By giving Baron a MAX contract plus Mashburn close to MAx salary are enough to win the EAST but not enough to win a championship. So if you know something won't get it done, you still want to do it?


----------



## Patrick

That's how you will build a solid team, and I don't think that's enough to win the East. Jamal Magloire will become even better and just wait when that comes you'll see they will challenge for the Eastern conference. Offcourse, Baron Davis is worth the max because he has that killer instinct guys like Kobe Bryant and Paul Pierce have come 4th quarter time.

He's kind of inconsistent some times; that's his only weaknesses but when's he's feeling it, he's in the zone!


----------



## HORNETSFAN

He's still young and learning, but he will be a "max" player. He needs to work on free throw shooting, but otherwise he is becoming one of the premier PGs in the NBA.


----------



## John

I have issue with the word "Consistency"

How do you define this word?

Do you mean he is not able to hit shots that he is supposed to make that's called inconsistent?

Or do you mean in some nites, where he faced top defender in the game at his position but has problems with scoring that's still included in "Consistency!"

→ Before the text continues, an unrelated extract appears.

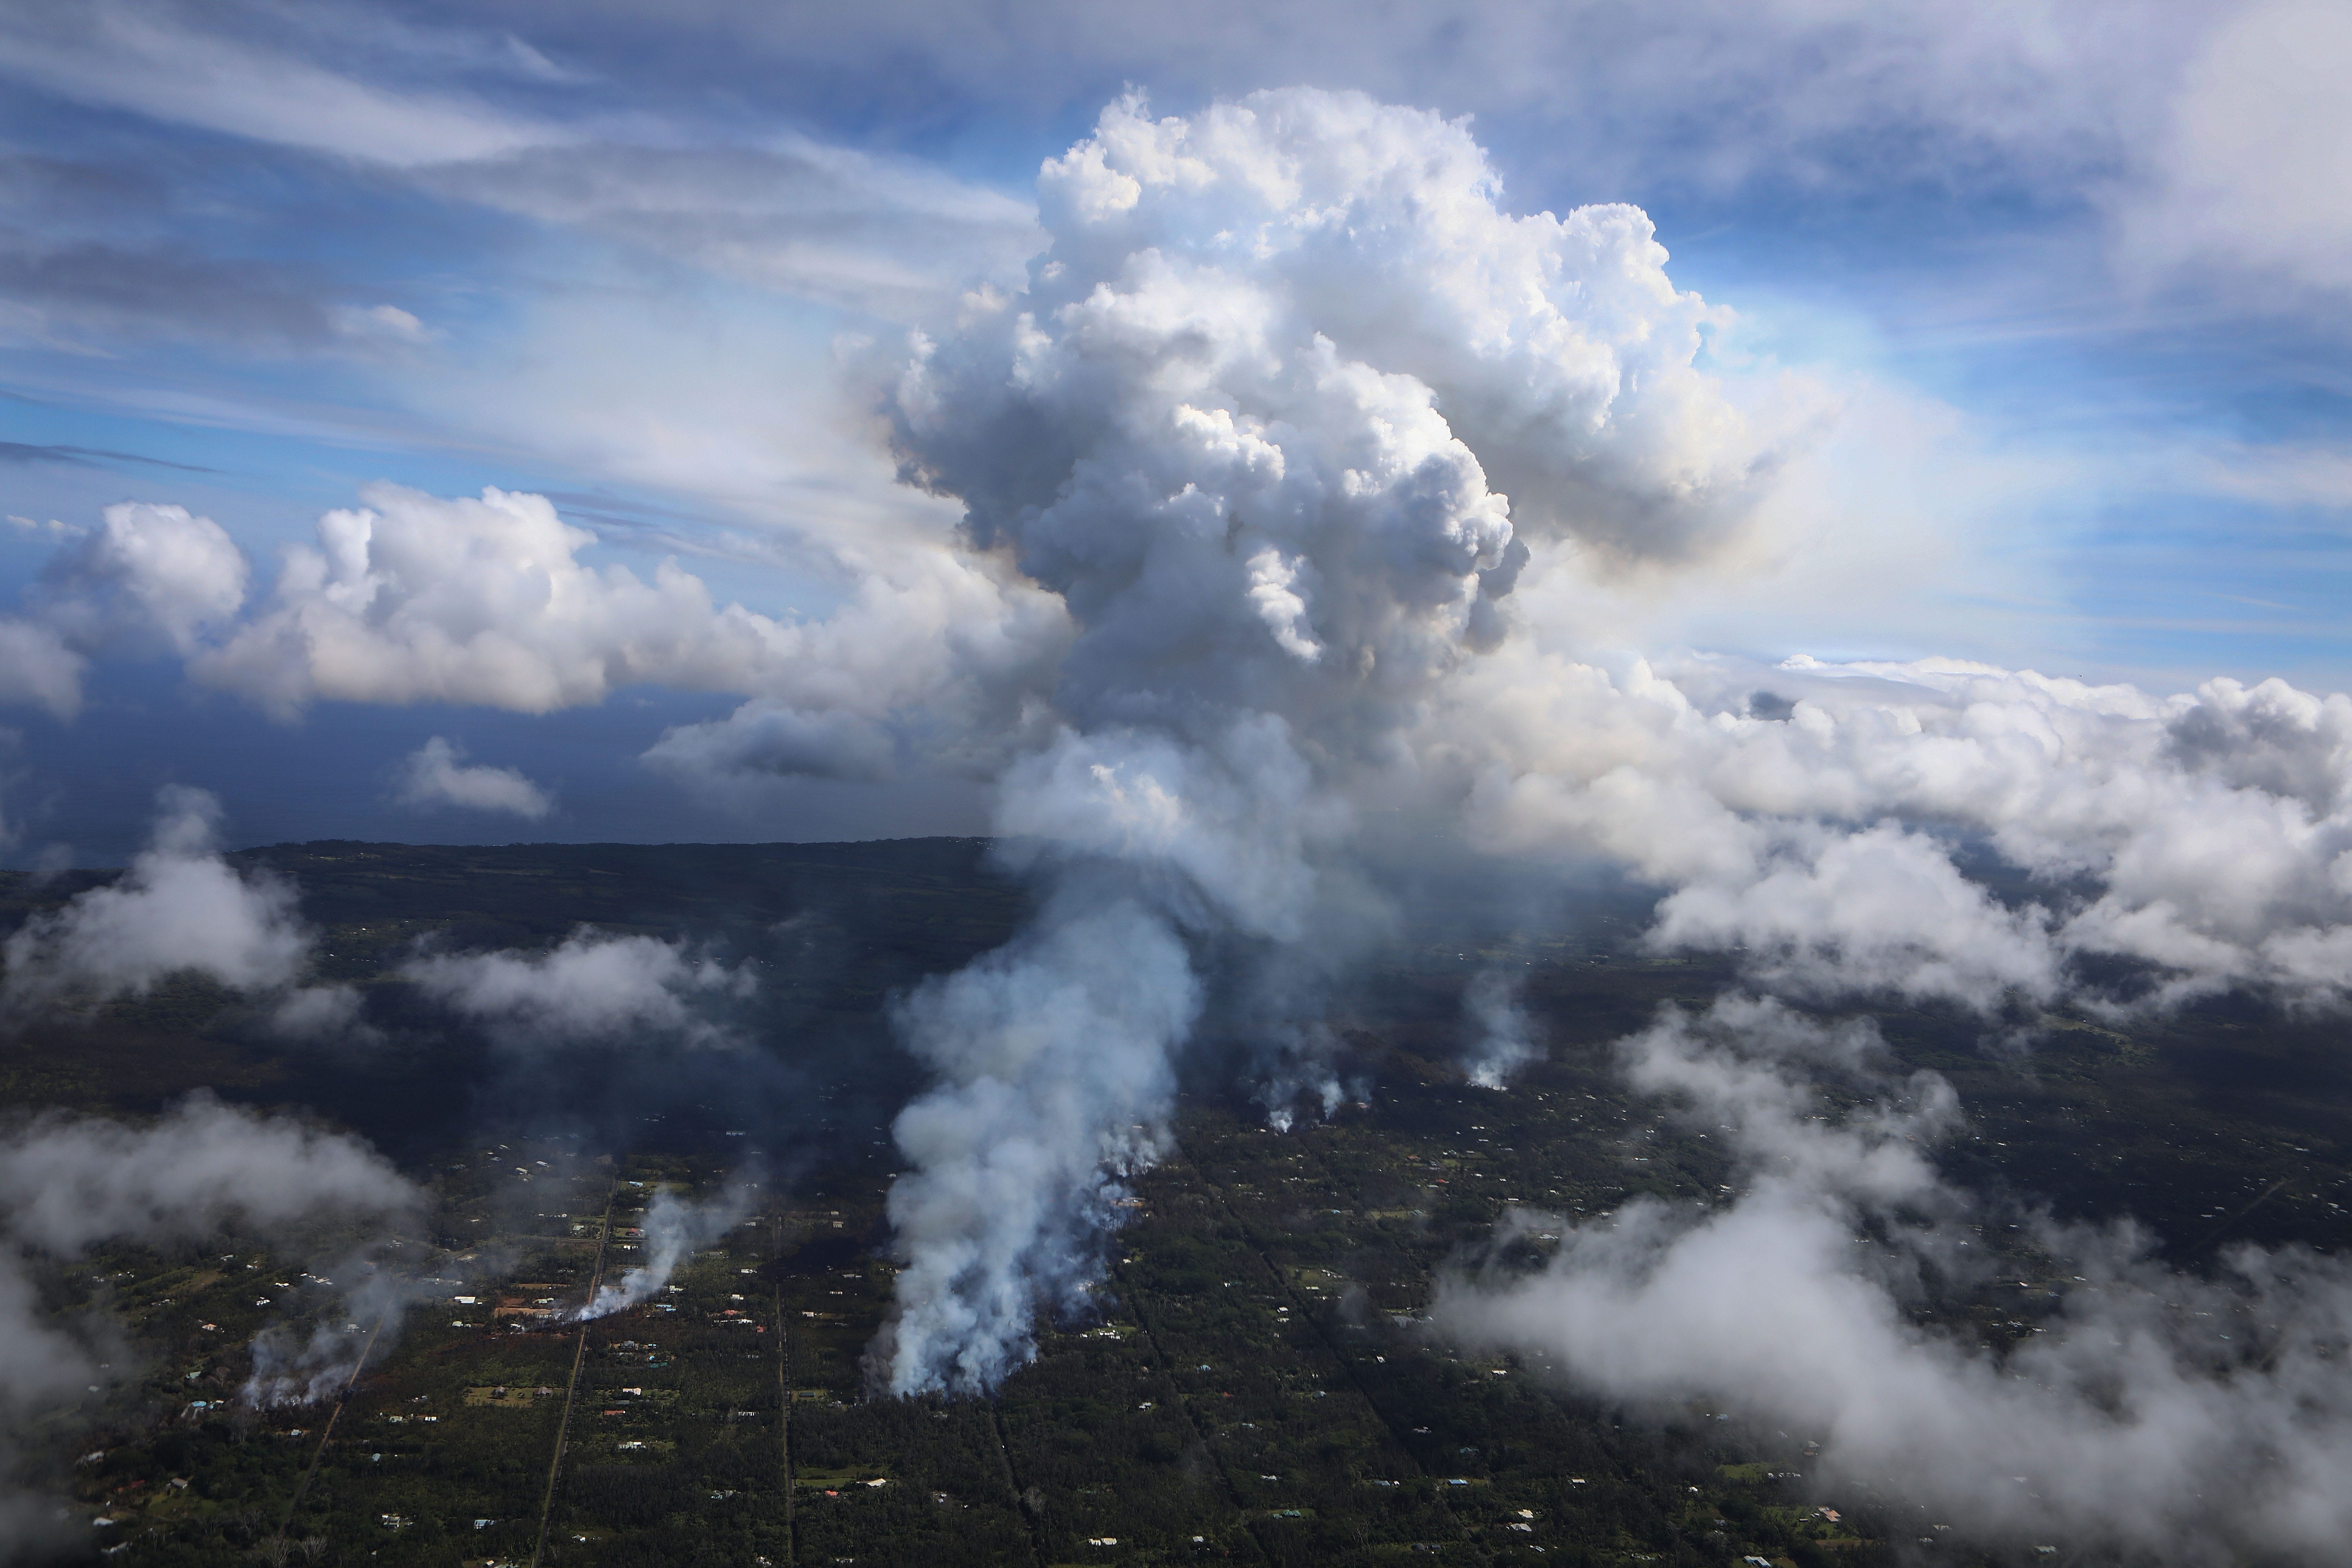 A plume of volcanic gas mixed with smoke from fires caused by lava rises (C) amidst clouds in the Leilani Estates neighborhood in the aftermath of eruptions from the Kilauea volcano on Hawaii's Big Island on May 6, 2018 in Pahoa, Hawaii. A magnitude 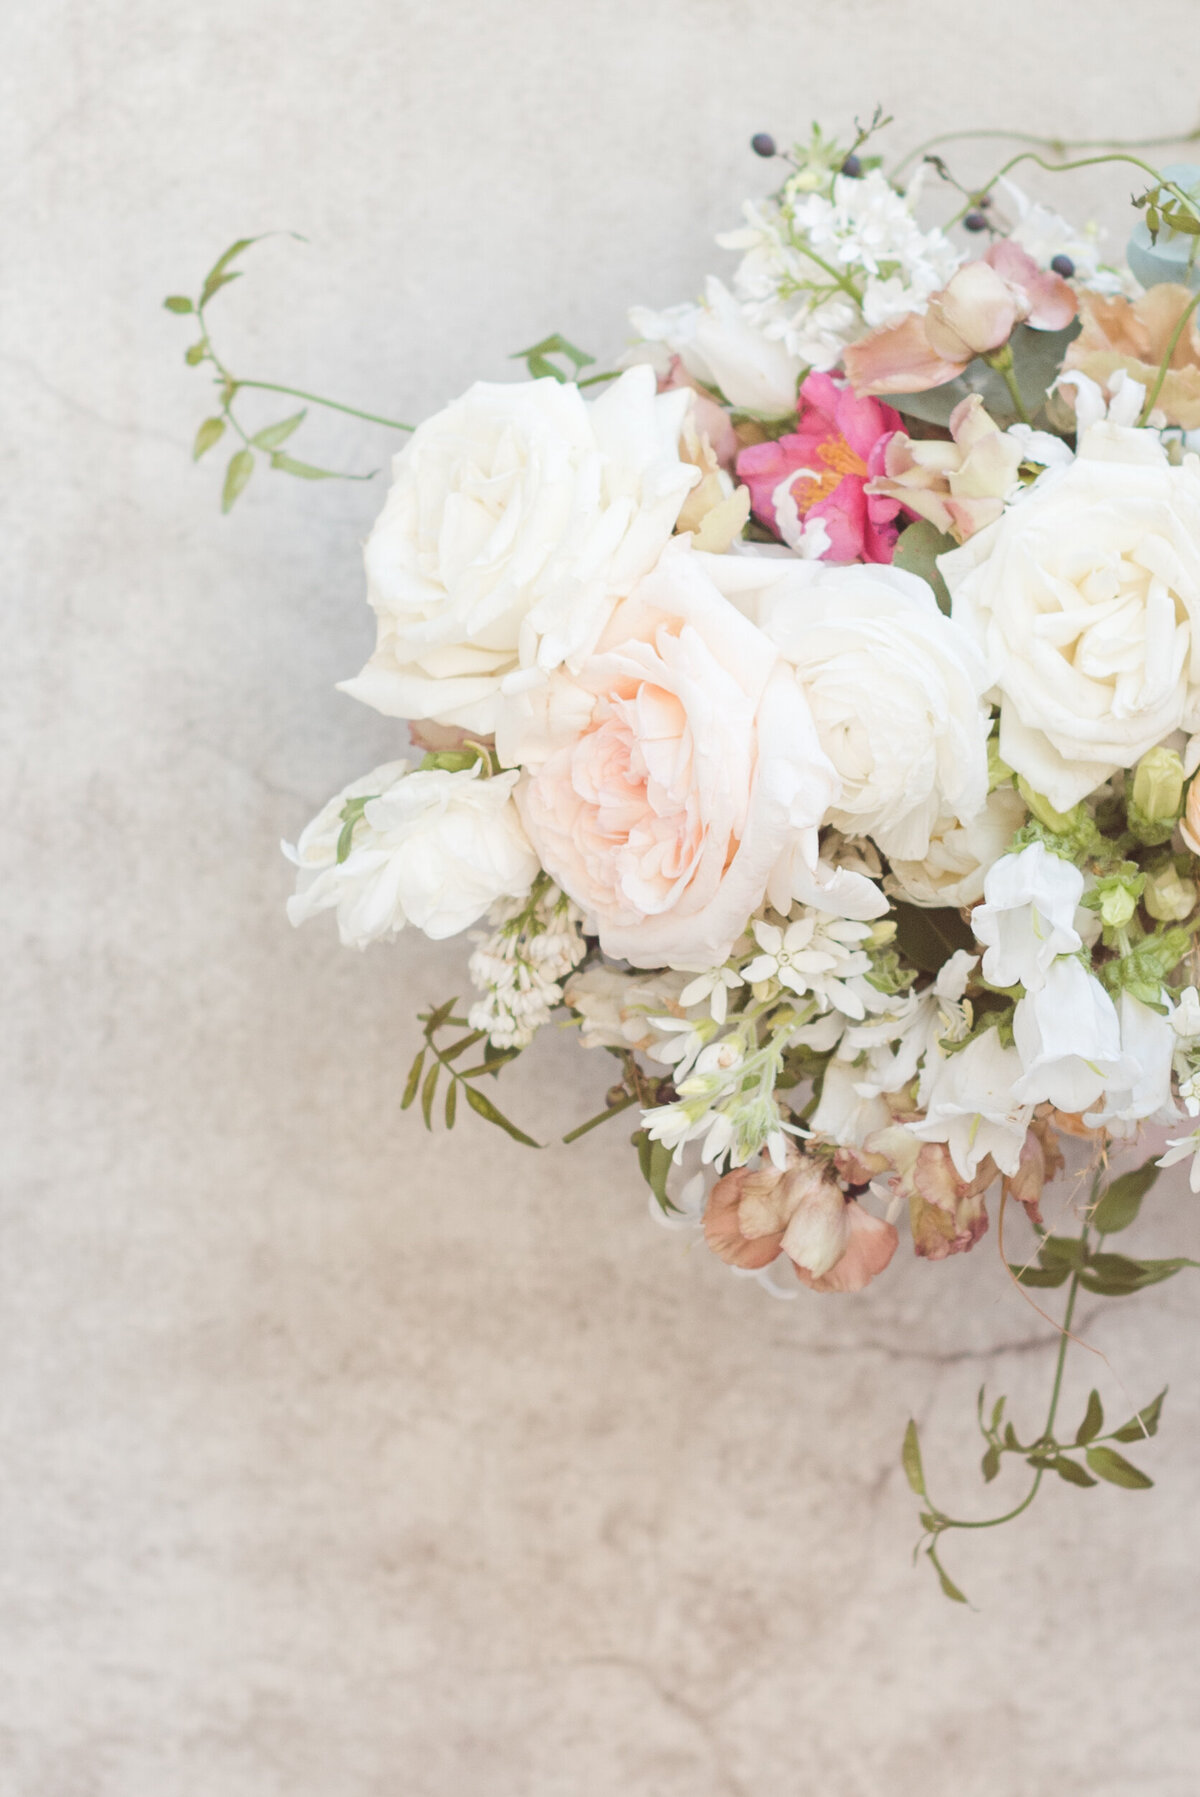 A timeless arrangement of fresh florals to create a dreamy accessory to any luxury wedding

Fans like to call a player is inconsistent but then is it because he is not good enough to score on any team's player at his position nite in and nite out? Or he is just missing shots he normally makes in some nite?


----------



## UofMark

Penny,
we'd like you back in your hometown Memphis. However we really need you to be healthy and we've got to do something about that $11 mill a year contract. Memphis and the Grizz wants you, but at the right price.....


----------



## John

Oh thanks, I am working on working to add strength on my knee right now in Texas, I will be giving out some bobble heads later next week so if you are a fan member of the Penny club, look for em in mail in a couple of weeks.


----------



## bdachakeya

No Penny, please stay away!!! We don't need anymore assistant coaches on our staff. Man tell me this, are you the highest paid assistant that's ever been in the NBA?


----------



## Damian Necronamous

*Baron Davis*

In a few years he will be. He is the best player on the team. He has definitely surpassed Mashburn by now. I just wish he could make some free throws. I lost $20 betting my friend that the Hornets would win that series.


----------



## John

> Originally posted by *bdachakeya *
> No Penny, please stay away!!! We don't need anymore assistant coaches on our staff. Man tell me this, are you the highest paid assistant that's ever been in the NBA?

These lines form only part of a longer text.